Your task:
Would you please repeat all of the data exactly, omitting the pictures?

Supplied information:
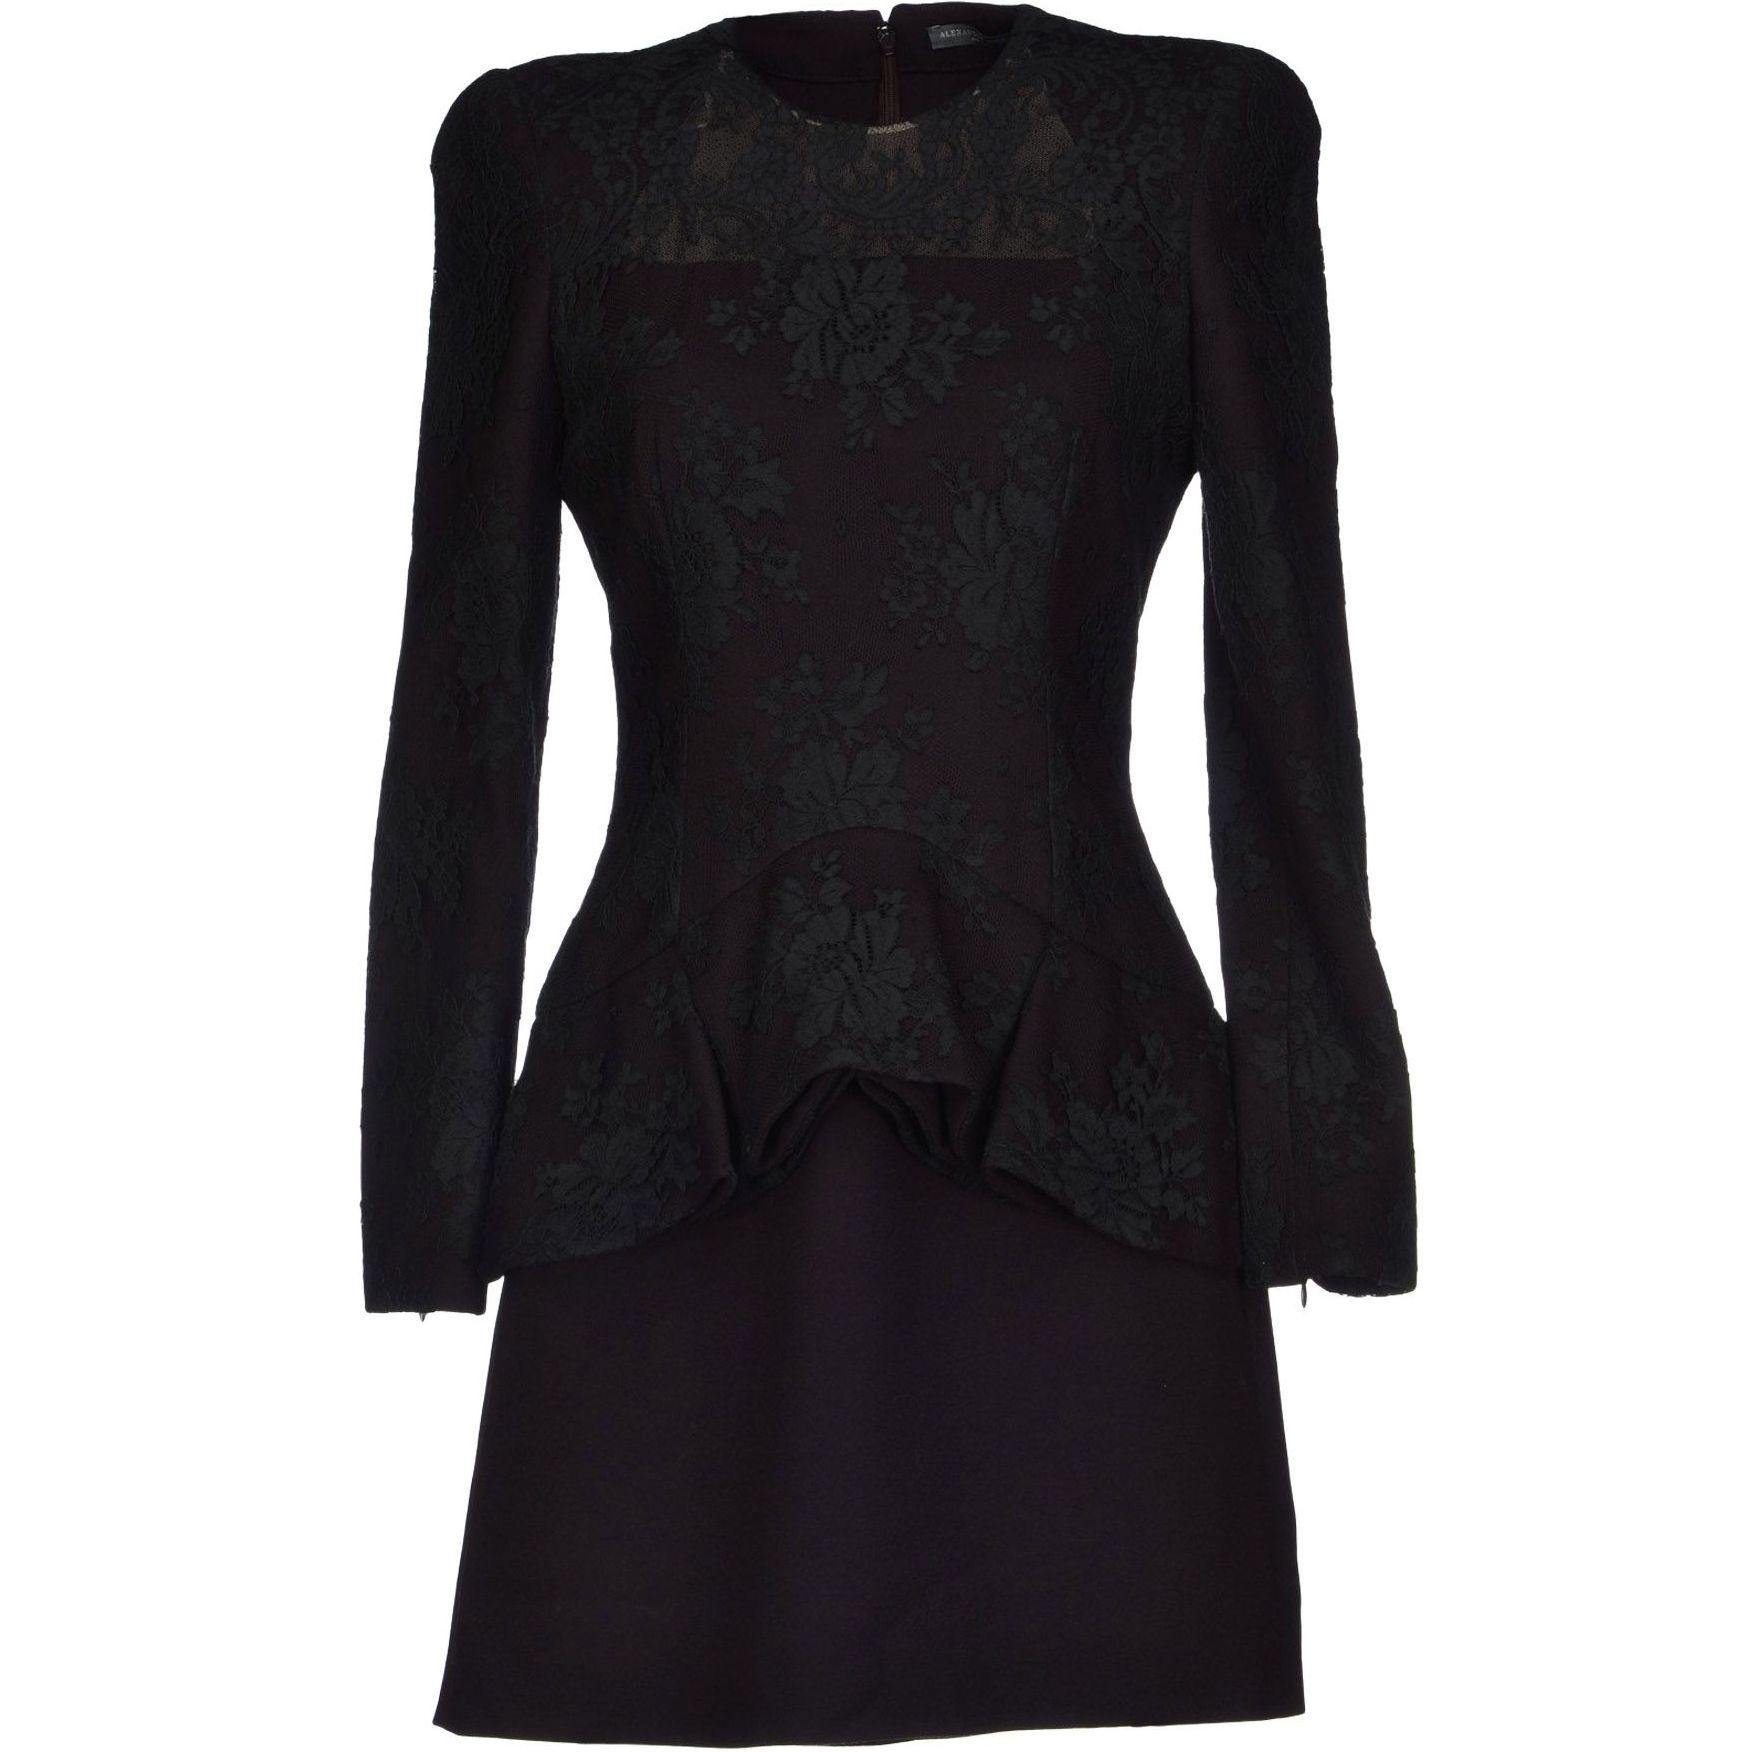 ALEXANDER McQUEEN Dark purple power shoulder and peplum mini-skirt dress | Brand dress rental salon''SHIROTA''
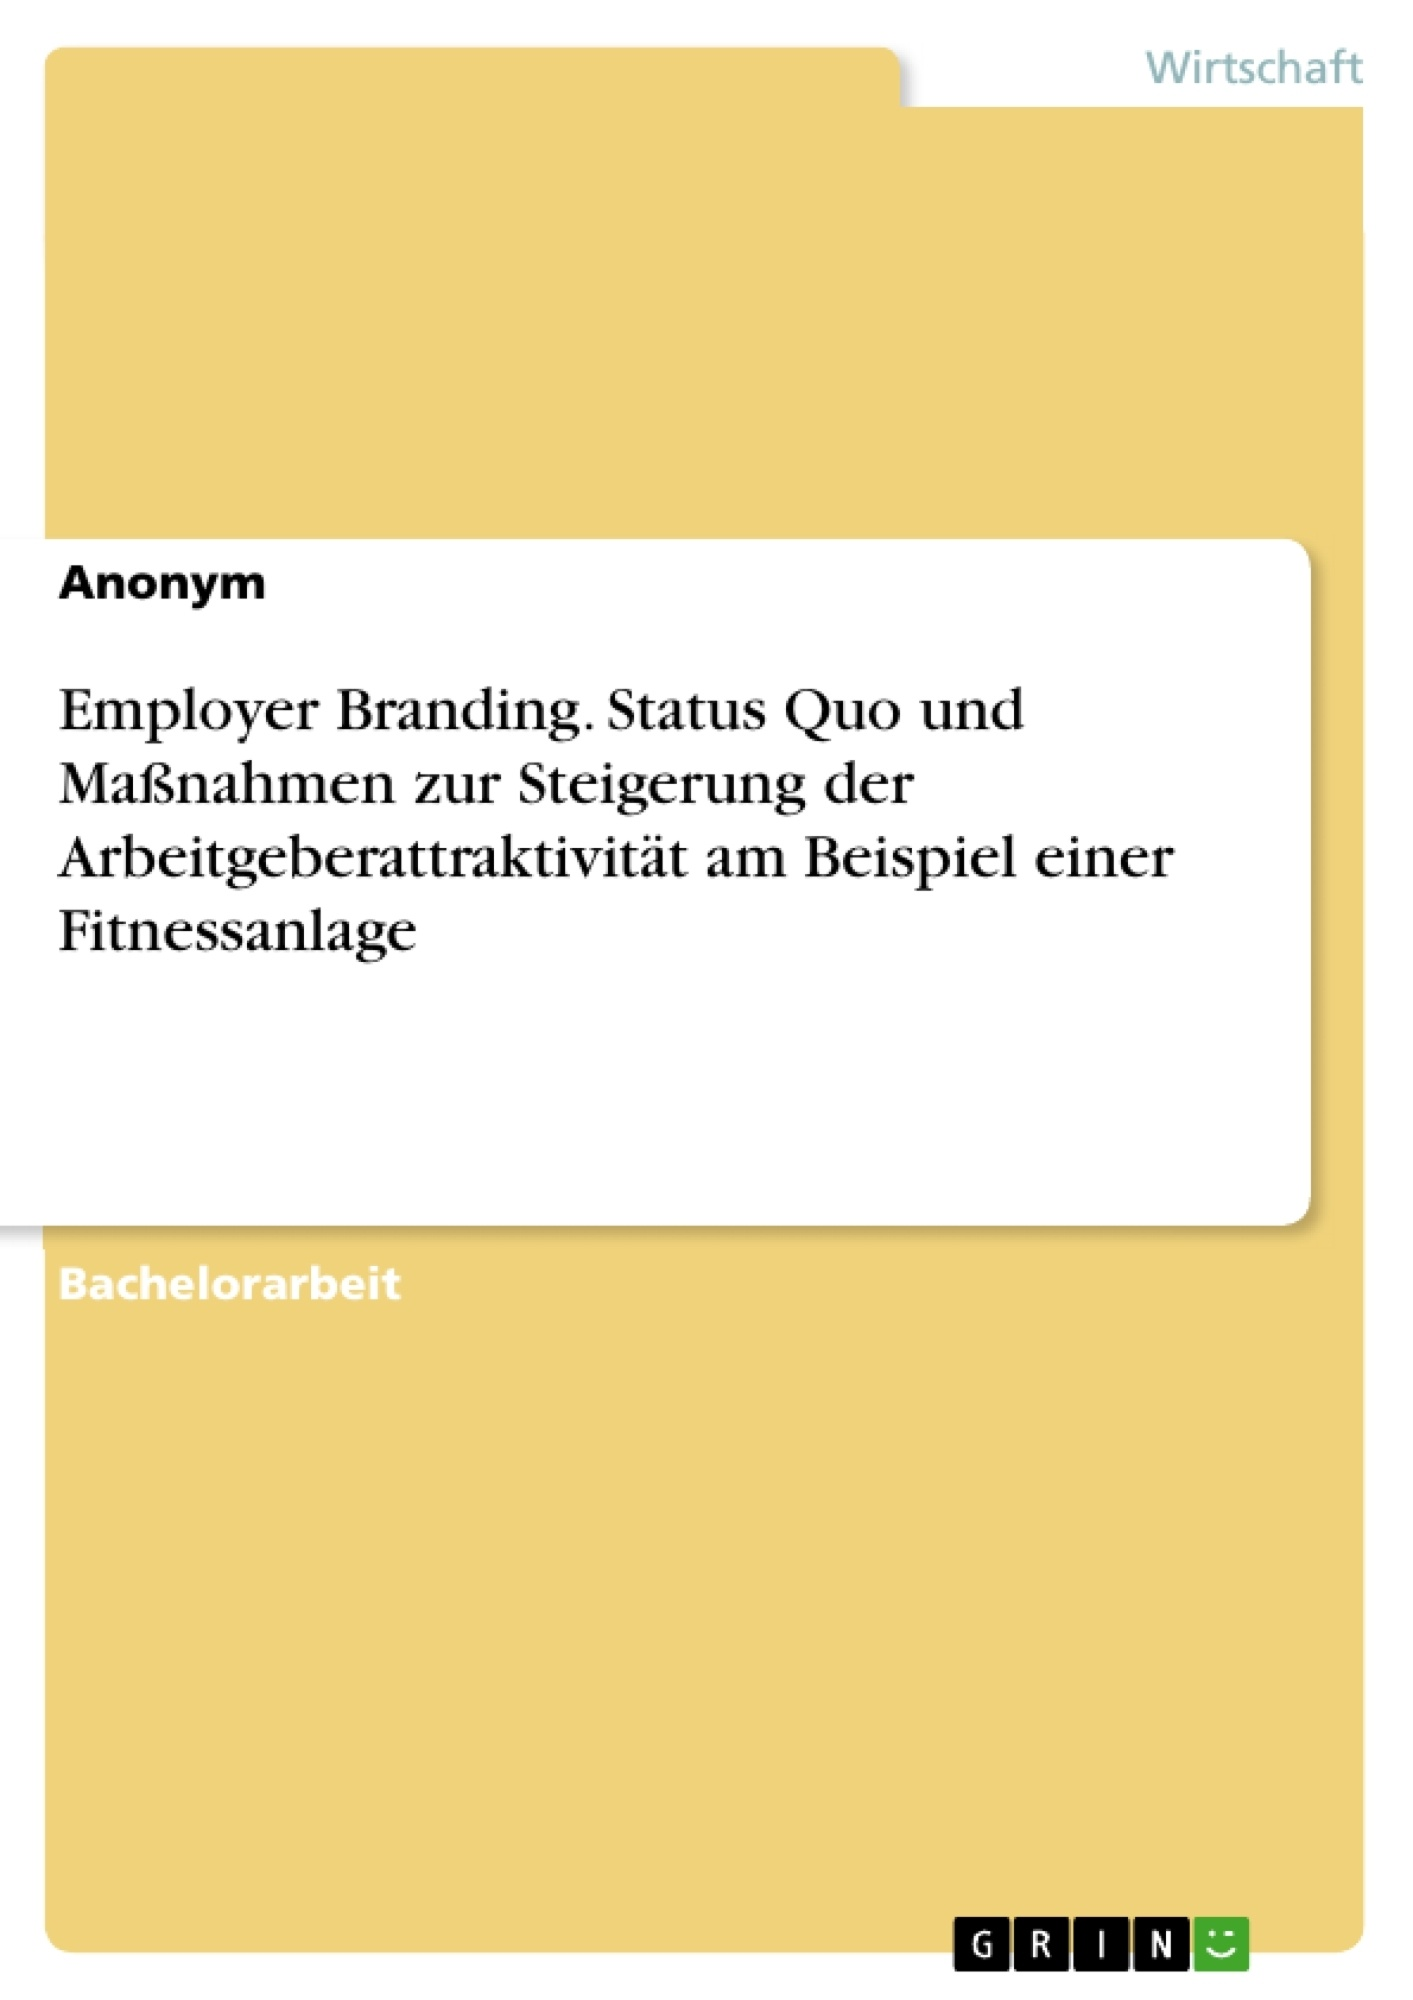 Titel: Employer Branding. Status Quo und Maßnahmen zur Steigerung der Arbeitgeberattraktivität am Beispiel einer Fitnessanlage
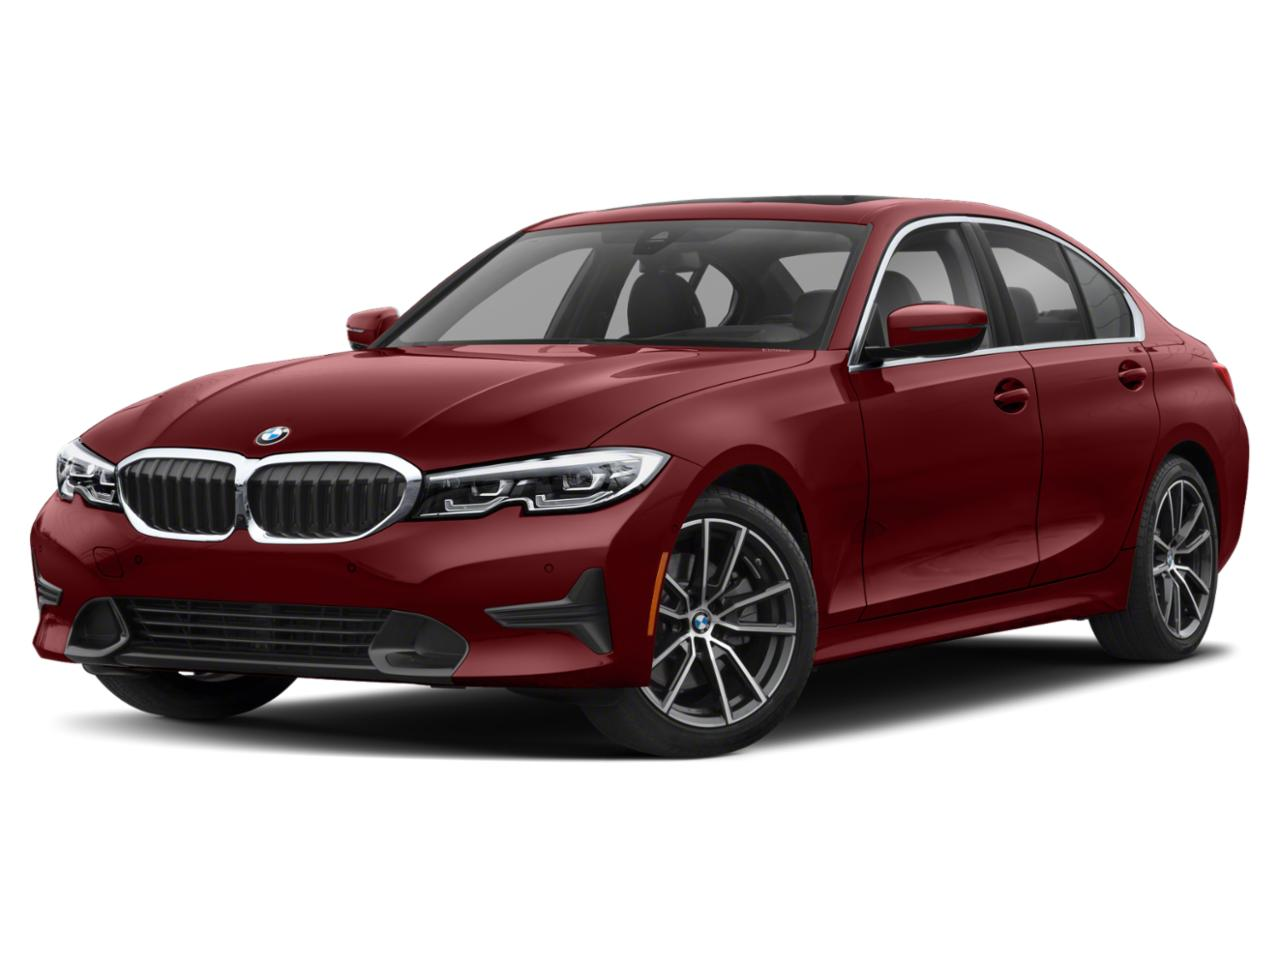 2020 BMW 330i xDrive Vehicle Photo in Appleton, WI 54913

Response to the task:
 ALEXANDER McQUEEN Dark purple power shoulder and peplum mini-skirt dress | Brand dress rental salon''SHIROTA''
 Titel: Employer Branding. Status Quo und Maßnahmen zur Steigerung der Arbeitgeberattraktivität am Beispiel einer Fitnessanlage
 2020 BMW 330i xDrive Vehicle Photo in Appleton, WI 54913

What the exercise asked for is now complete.